I have created a Wrapper around the Spark-Submit command to be able to generate real time events by parsing the logs. The purpose is to create a Real Time interface showing detailed progress of a Spark Job.
So the wrapper will look like this:
submitter = SparkSubmitter()
submitter.submit('/path/to/spark-code.py')
for log_event in submitter:
if log_event:
print('Event:', log_event)
And the output will look like the following:
Event: StartSparkContextEvent()
Event: StartWorkEvent()
Event: FinishWorkEvent()
Event: StopSparkContextEvent()
Internally, the SparkSubmitter class launches the spark-submit command as a subprocess.Popen process, and then iterators over the stdout stream and returns Events by parsing the logs generated by the process, like this:
class SparkSubmitter():
def submit(self, path):
command = self.build_spark_submit_command(path)

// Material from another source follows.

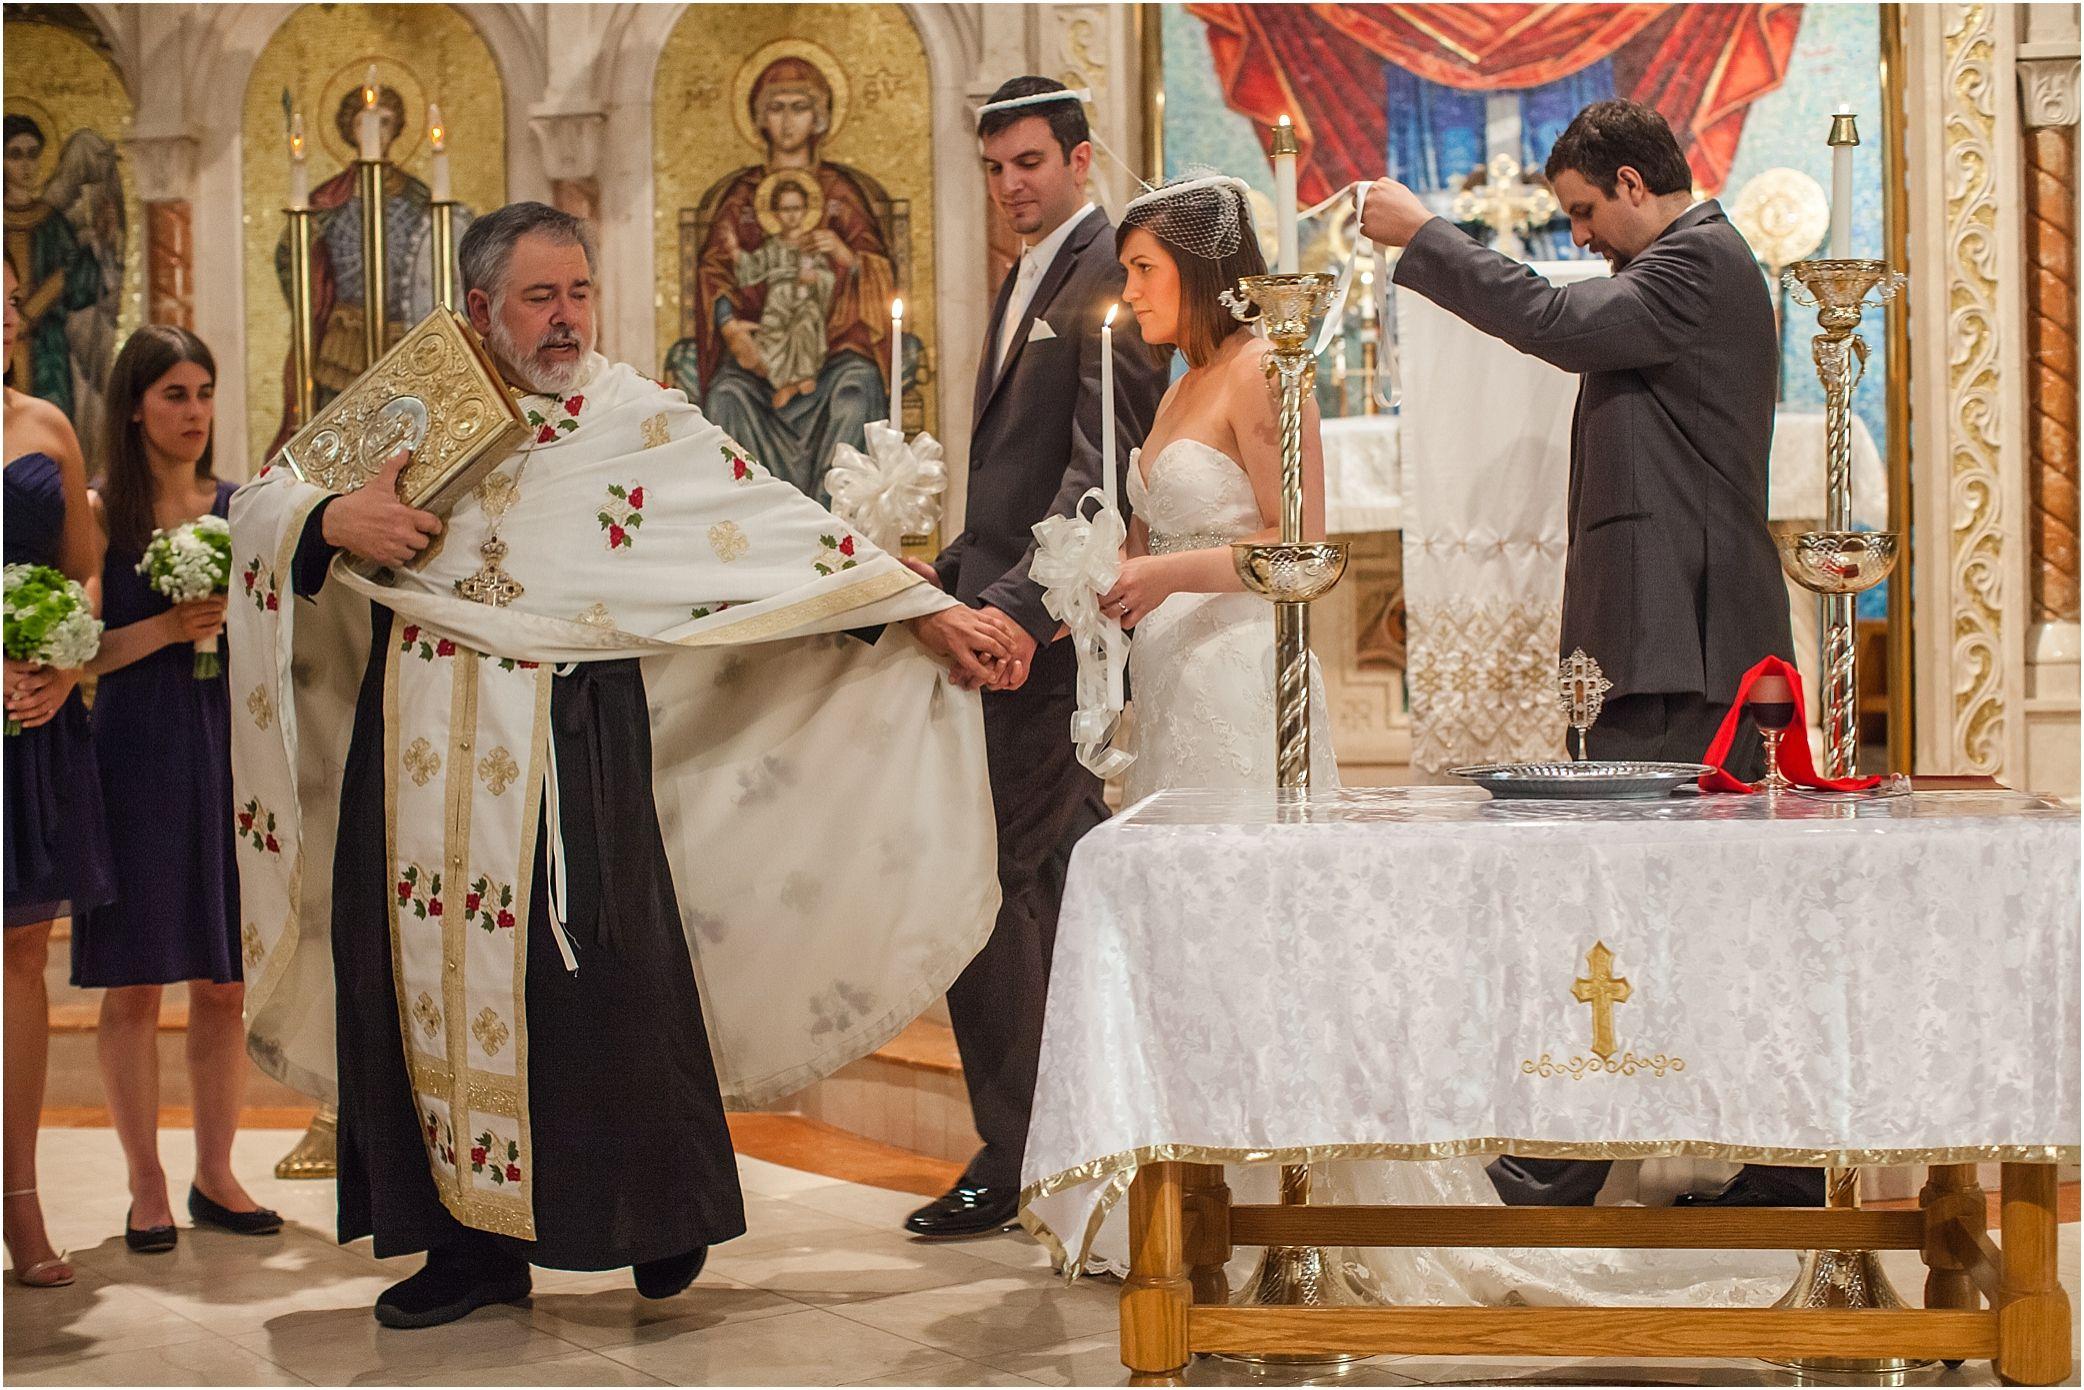 Pin By Vetta Kelepouris Agnos On Paradosiakos Ellhnikos Gamos Greek Wedding Greek Wedding Traditions Orthodox Wedding

self.process = Popen(command, stdout=PIPE, stderr=PIPE)
def __iter__(self):
return self
def __next__(self):
# note: this is a IO-Blocking command
log = self.process.stdout.readline().decode('utf-8')
return self.parse_log_and_return_event(log)

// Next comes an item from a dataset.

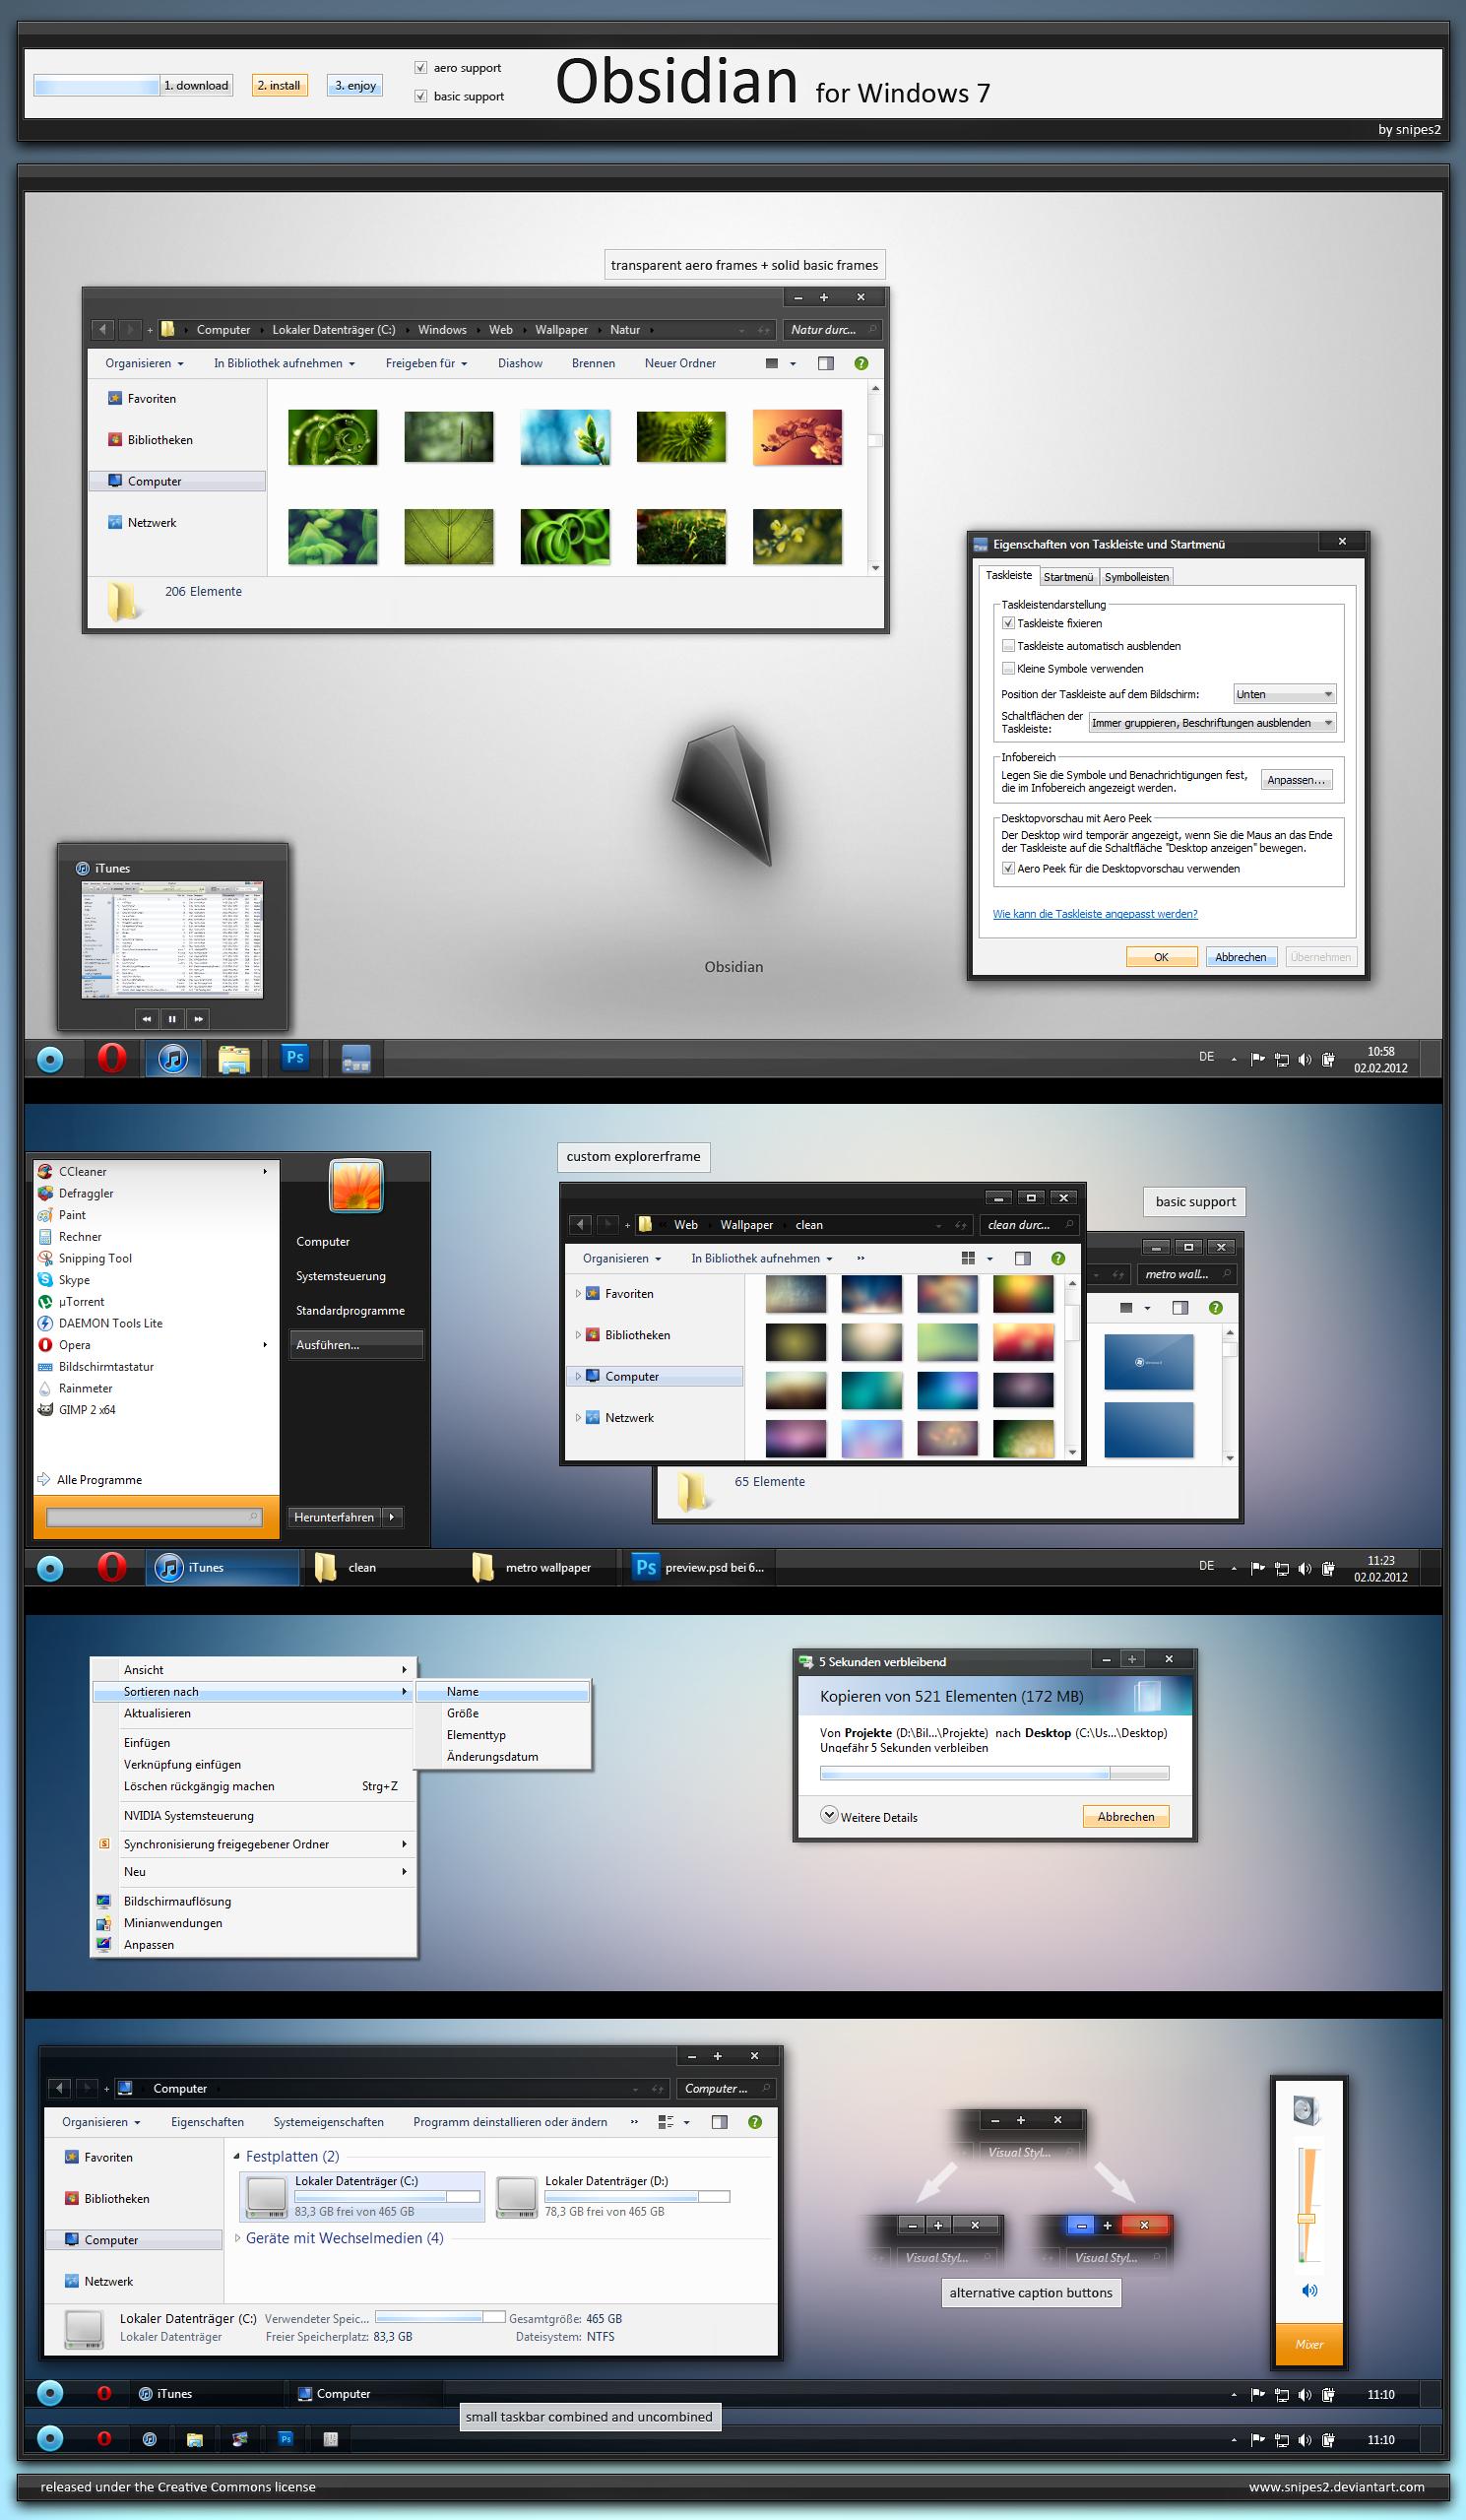 Obsidian for Windows 7 - aero/basic

This implementation works well with the Spark Standalone Cluster. But I am having a issue when running on a Yarn Cluster.
In the Yarn Cluster the "Spark Related Logs" are coming in the stderr
, instead of stdout
. So my class is not able to parse the spark generated logs because it is only trying to read the stdout
.
Question 1: Is it possible to read Popen's stdout and stderr as a single stream?
Question 2: As stdout and stderr are both Streams, is it possible to merge both the streams and read them as one?
Question 3: Is it possible to redirect all the logs to only stdout?
The answer to all 3 of your questions is yes, you can use stderr=subprocess.STDOUT
as an argument to Popen
to redirect output from stderr
to stdout
:
self.process = Popen(command, stdout=PIPE, stderr=subprocess.STDOUT)